*WHAT THIS TASK INVOLVES*: Pictures do not belong in your copy. Repeat all the other data exactly.

*MATERIAL PROVIDED*:
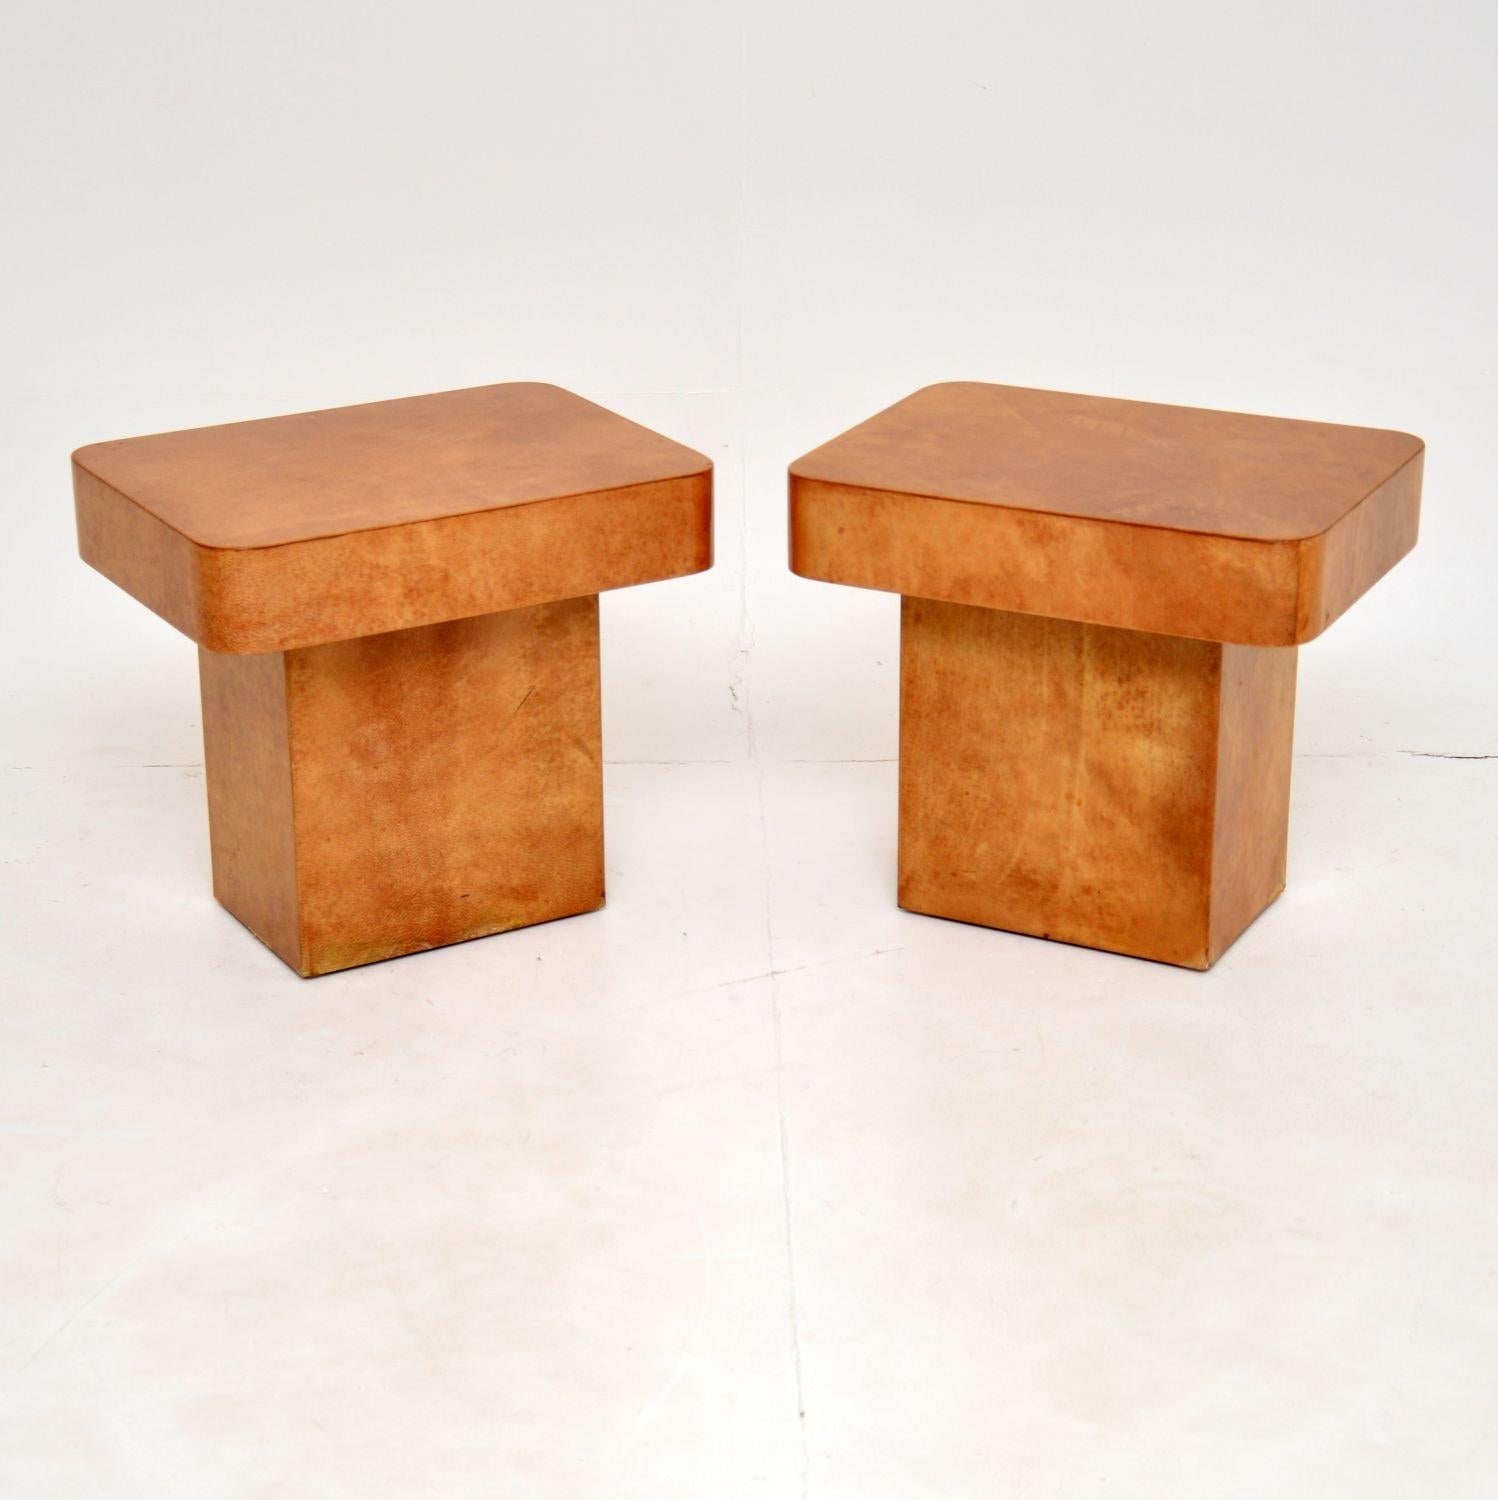 A stunning pair of vintage Italian side tables, made from lacquered goatskin parchment. These were designed by Aldo Tura, they were made in Italy around the 1970’s.

The quality is outstanding, these are a useful and petite size. They have a
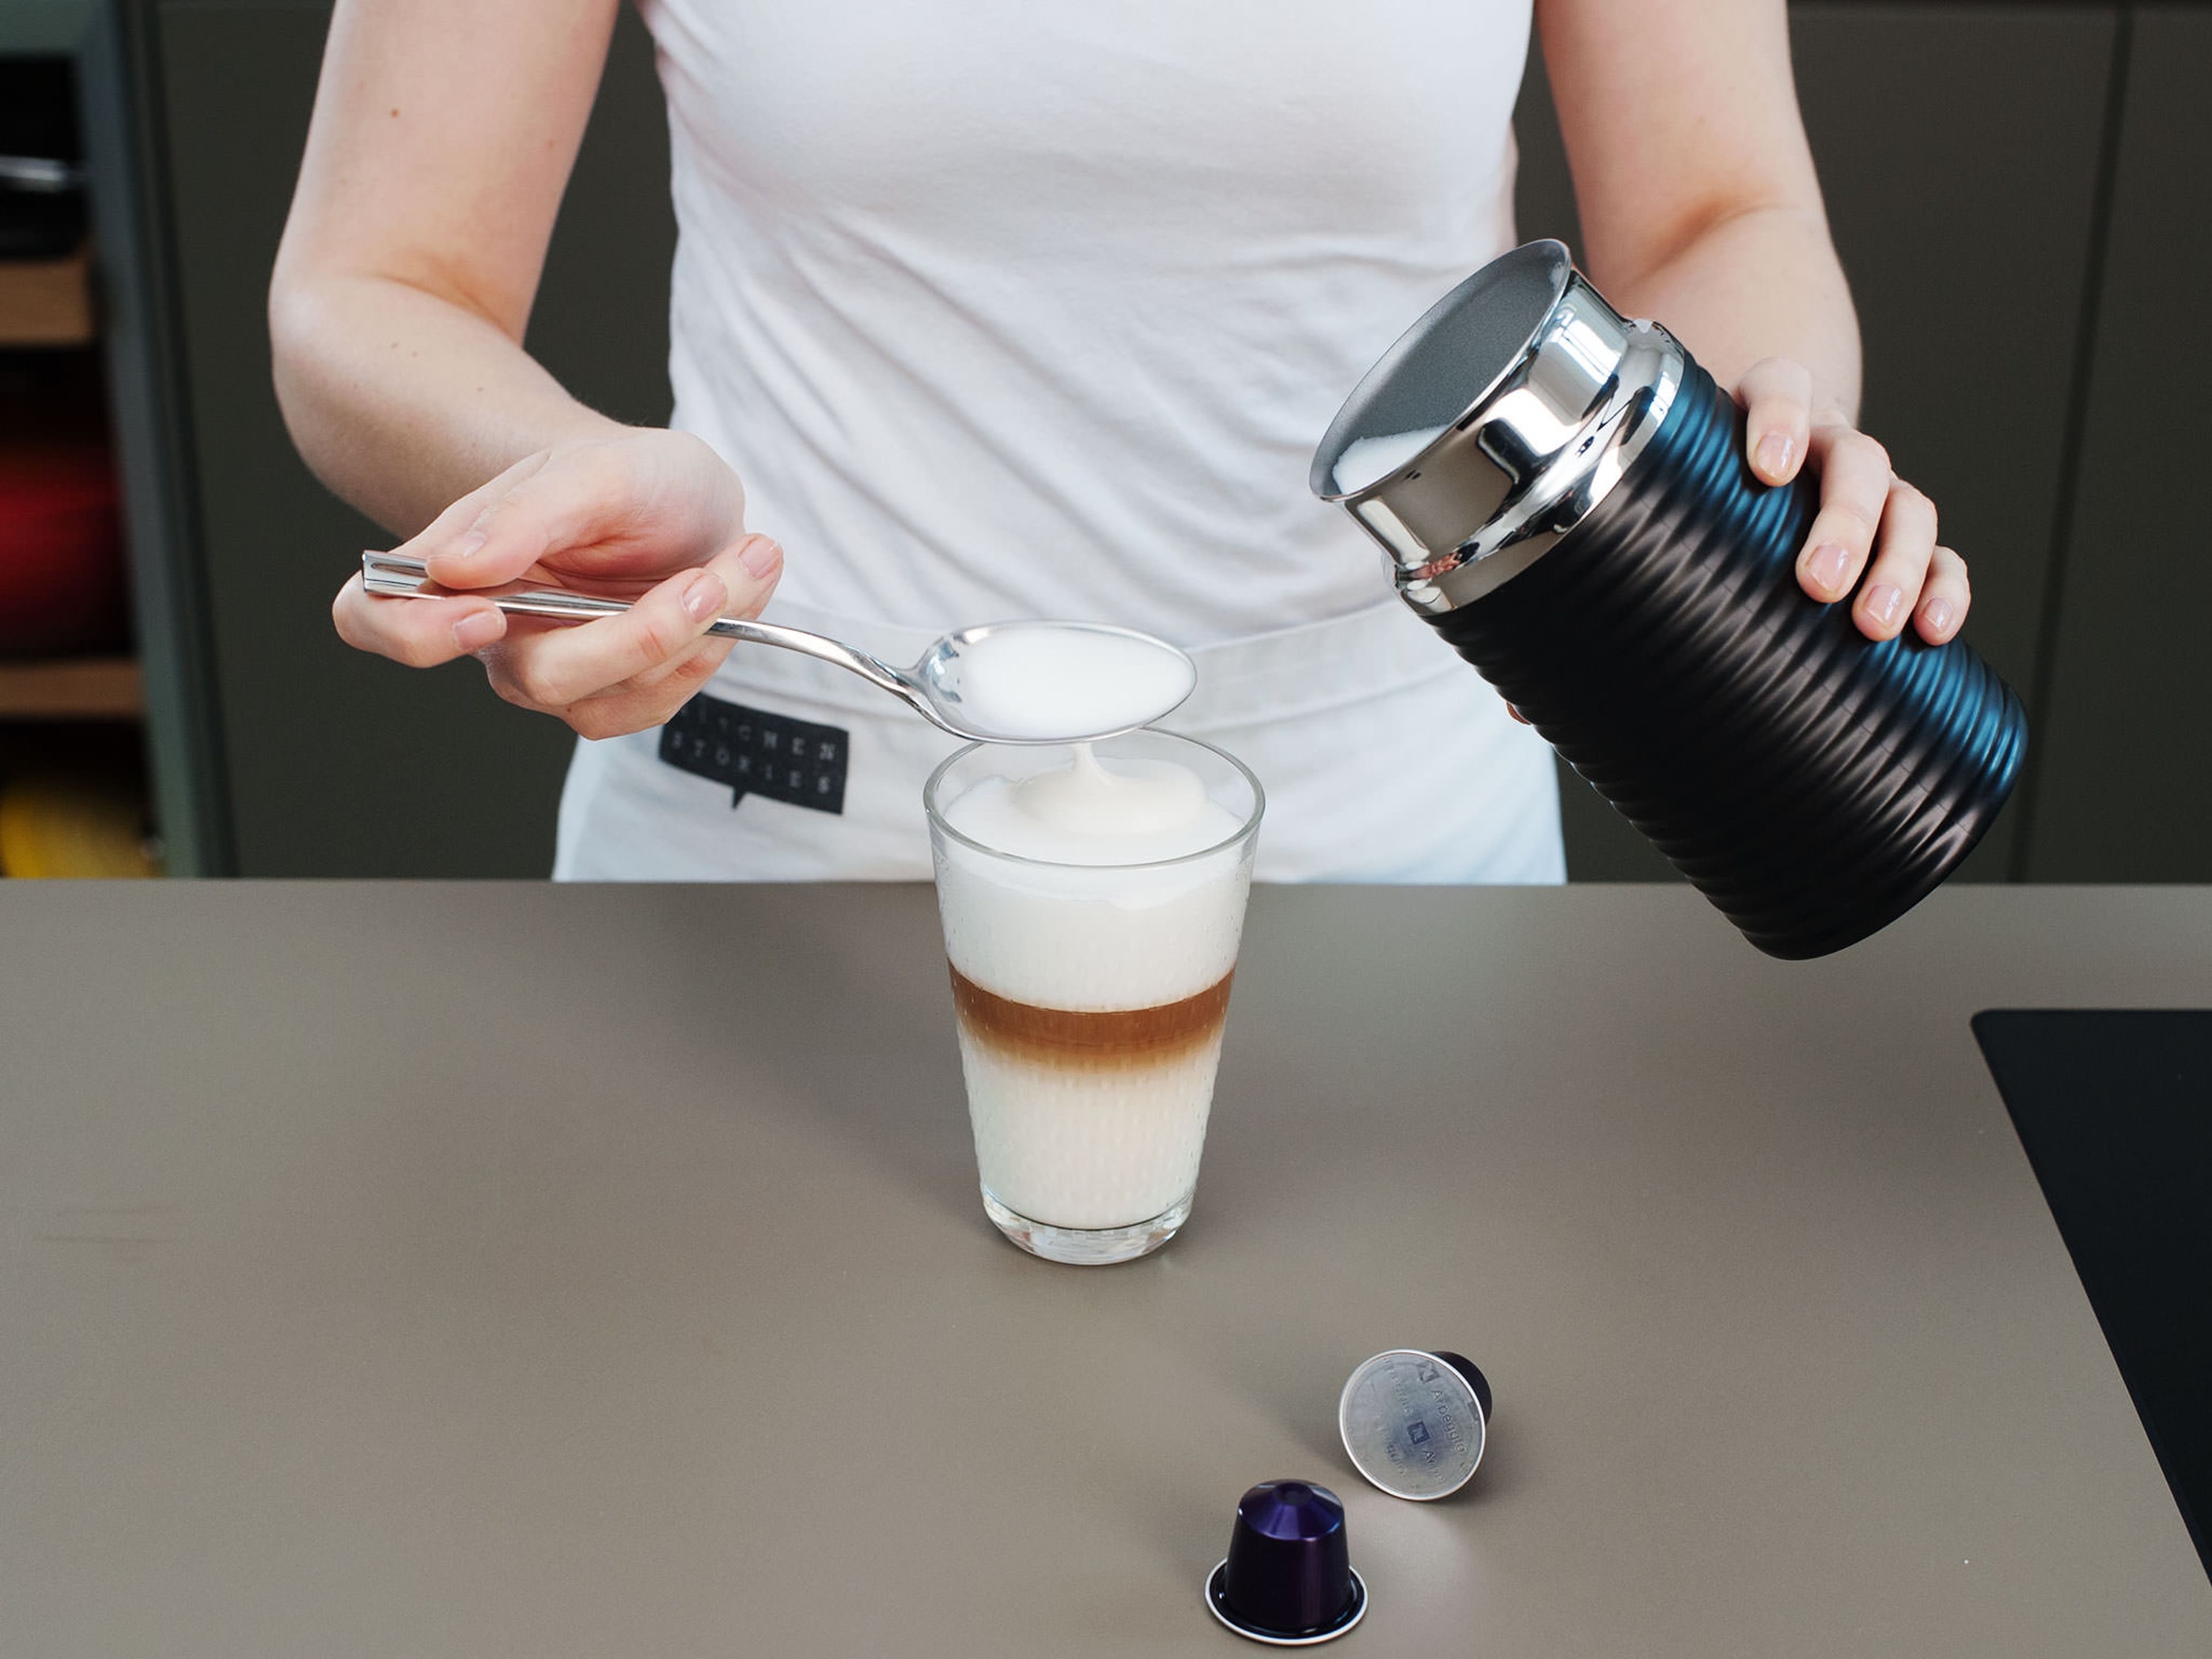 If you like more milk froth, just add some more milk to your Nespresso milk frother and top off your glass. Enjoy!

*EXPECTED ANSWER*:
 A stunning pair of vintage Italian side tables, made from lacquered goatskin parchment. These were designed by Aldo Tura, they were made in Italy around the 1970’s.

The quality is outstanding, these are a useful and petite size. They have a
 If you like more milk froth, just add some more milk to your Nespresso milk frother and top off your glass. Enjoy!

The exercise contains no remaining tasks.